I reduced the song to 50% speed and then 75% and then went for full speed. 

I can finally play the whole song which seems like it has been alluding me forever! It's not perfect but pretty damned close. 

This is just friggin' monumental for me!!

I never thought that I would be able to ever play this all the way through. I am glad I didn't give up. It gives me more confidence to try new things.

I forgot to tell you what song it is. It's, You Shook Me All Night Long!


----------



## sambonee (Dec 20, 2007)

Now master the chicken shuffle like chuck and angus.


----------



## Guest (May 14, 2017)

Without you posting the audio / video of this I consider your claim fake news.


----------



## StratCat (Dec 30, 2013)

Believing is seeing.
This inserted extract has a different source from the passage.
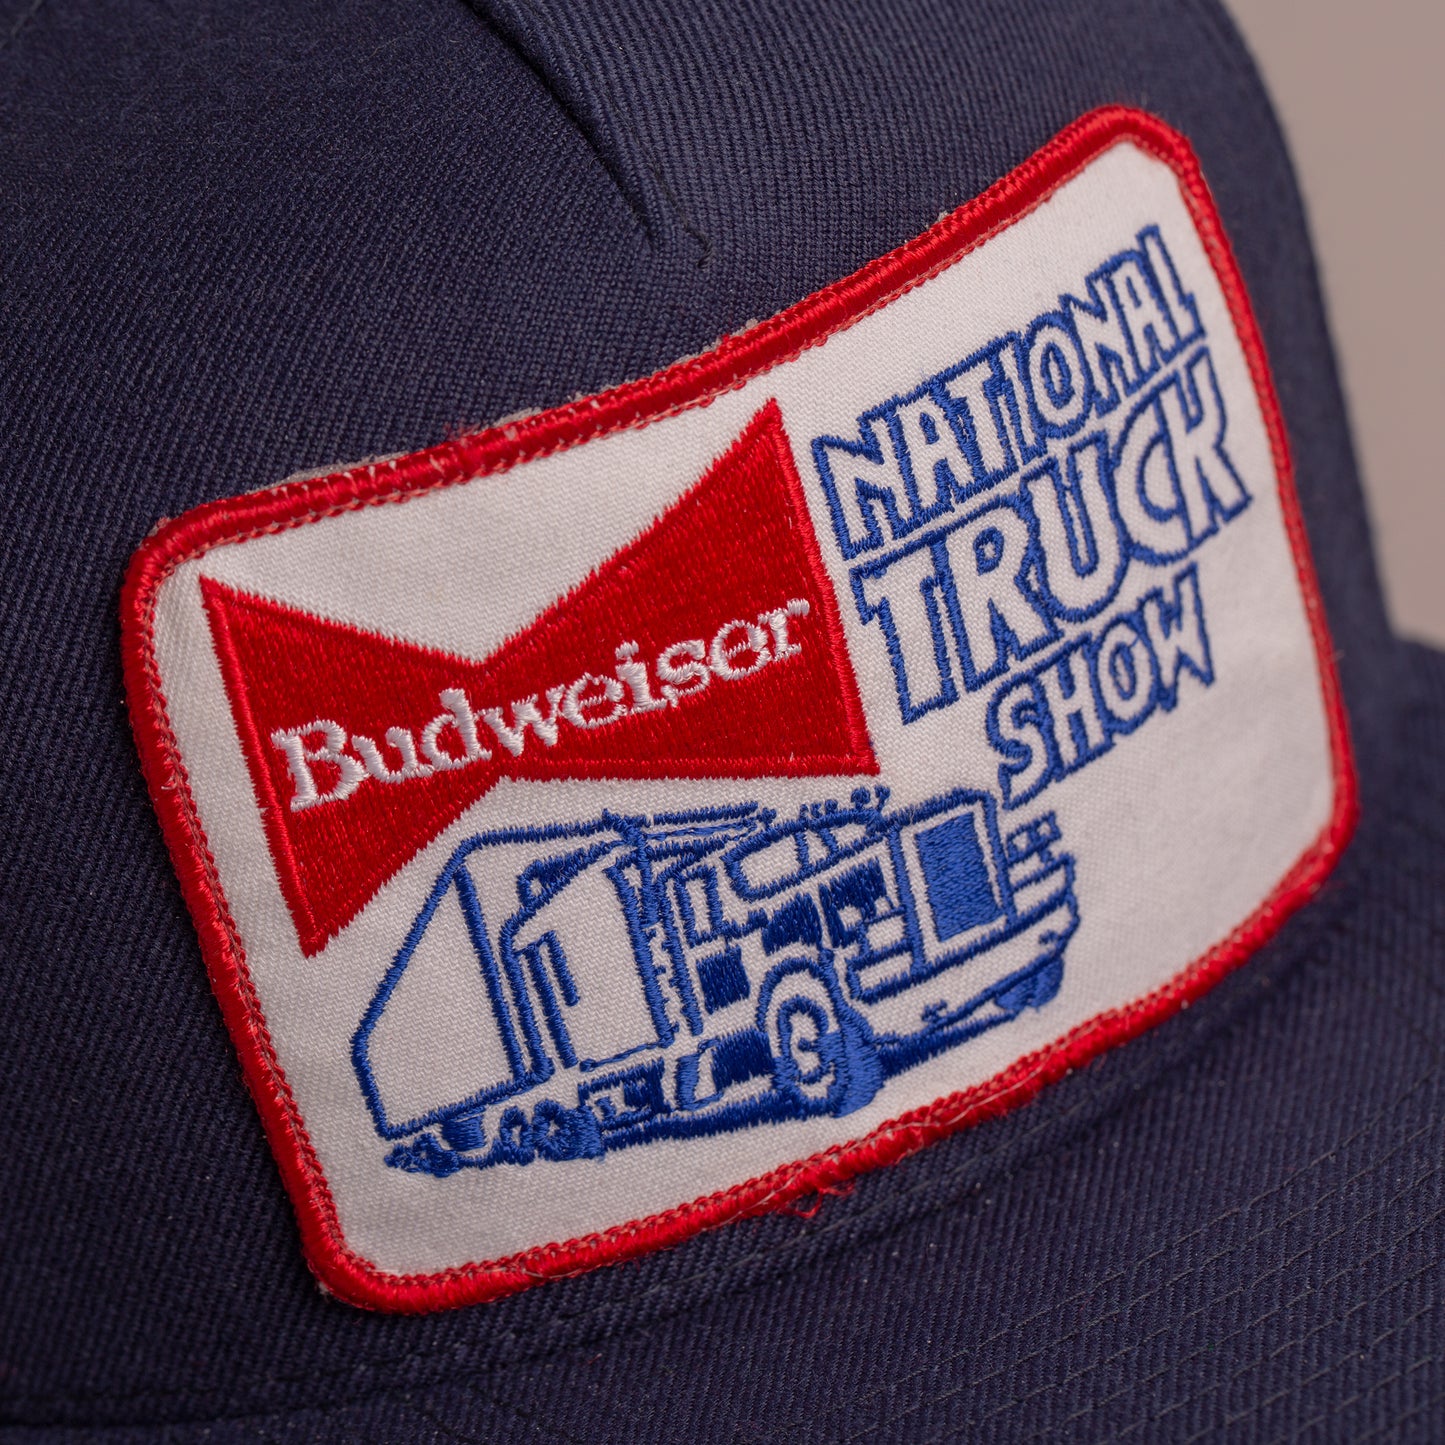 Budweiser National Truck Show
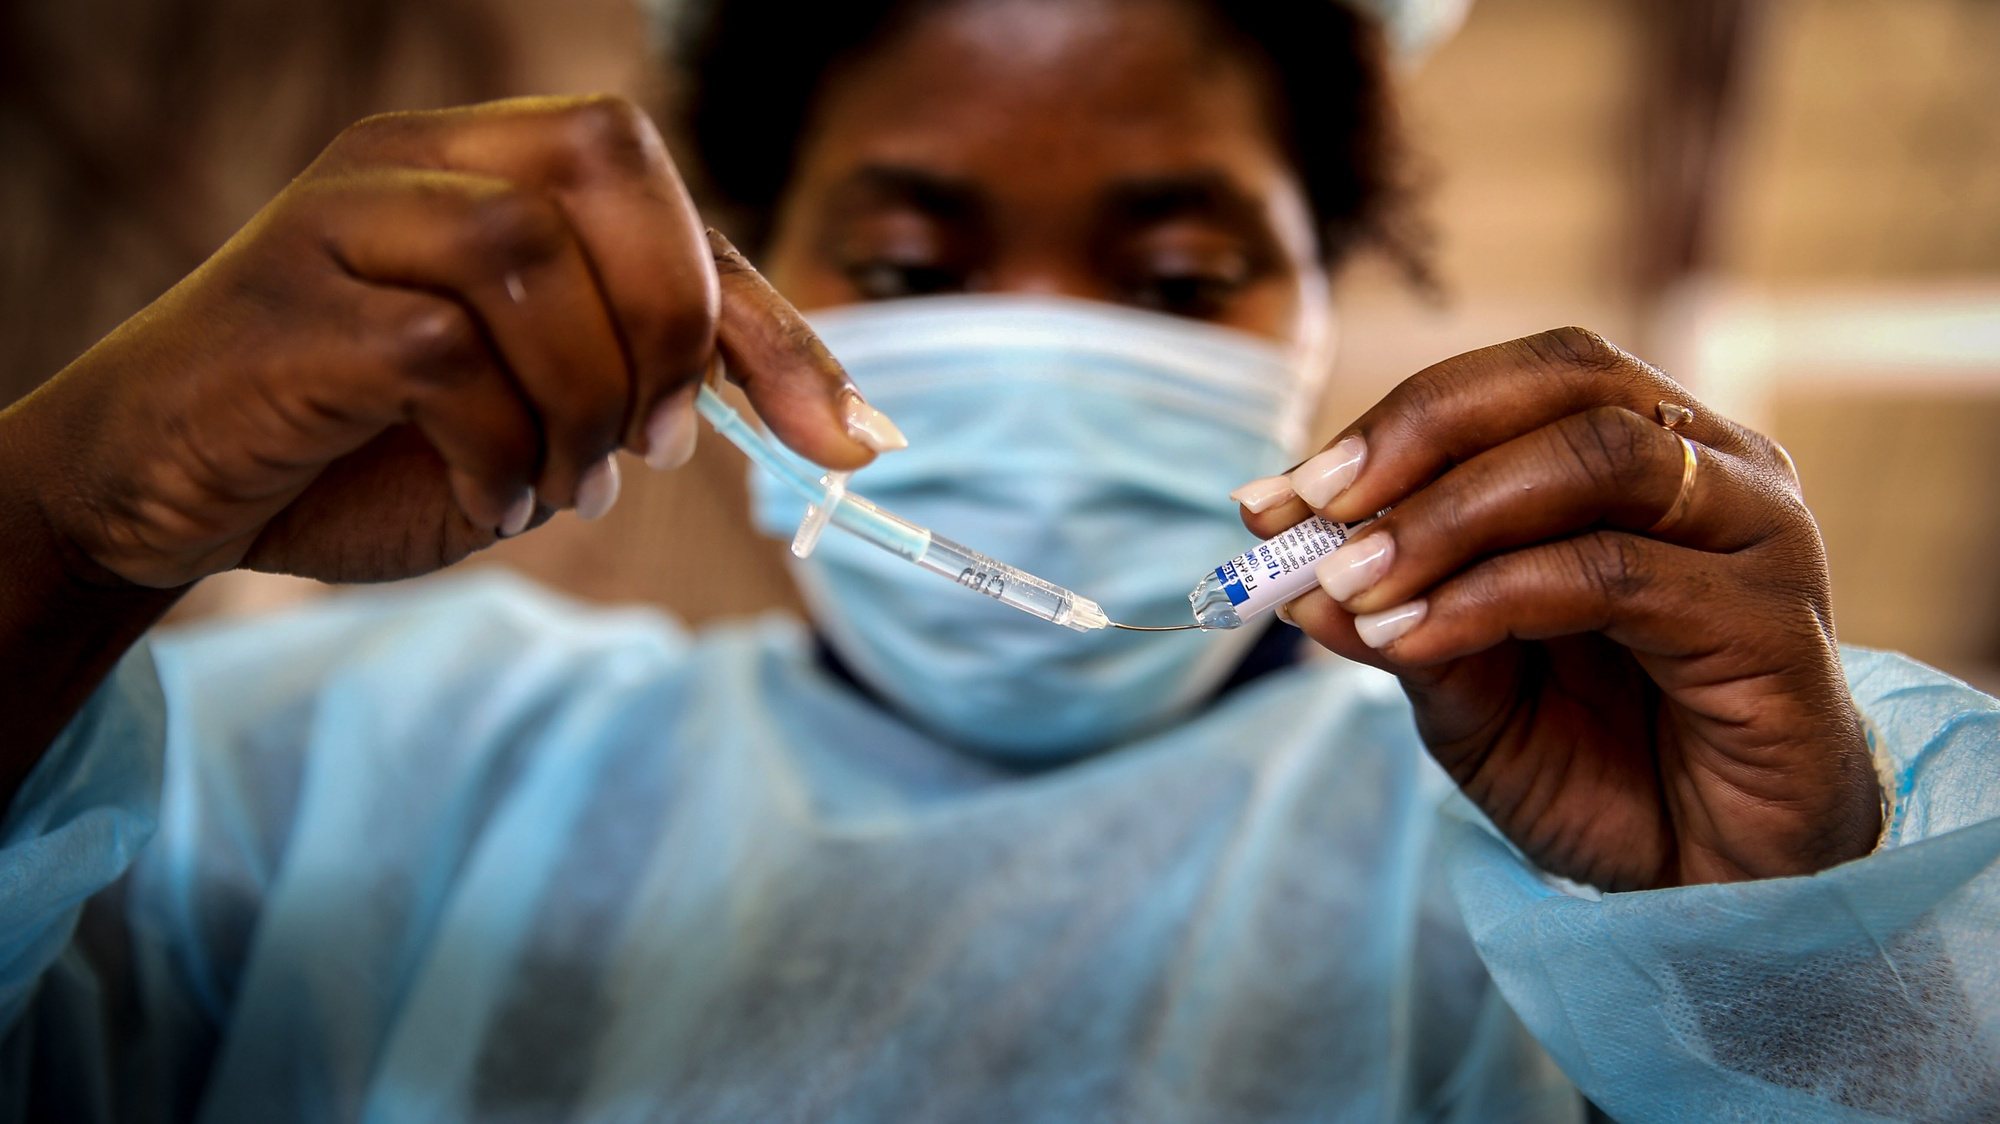 Reportagem sobre afluência aos centros de vacinação após novas medidas restritivas e exigência de certificados de vacinação, posto Cidadela Desportiva, Luanda, Angola, 01 de outubro de 2021. (ACOMPANHA TEXTO DE 02 DE OUTUBRO DE 2021). AMPE ROGÉRIO/LUSA

Way to go Lola.


----------



## Lola (Nov 16, 2014)

I don't know how to post an audio recording but if I can conquer this song I can do anything I put my mind to. I shall not be a technotard any longer. I will ask my son to help how to do this! You will see! Lol


----------



## Guest (May 14, 2017)

Lola said:


> I don't know how to post an audio recording but if I can conquer this song I can do anything I put my mind to. I shall not be a technotard any longer. I will ask my son to help how to do this! You will see! Lol


Can't wait!


----------



## Dorian2 (Jun 9, 2015)

Congrats Lola. That's a huge mountain for any beginning guitarist. Can't really be considered a beginner anymore.....so on to the next step for you now!!


----------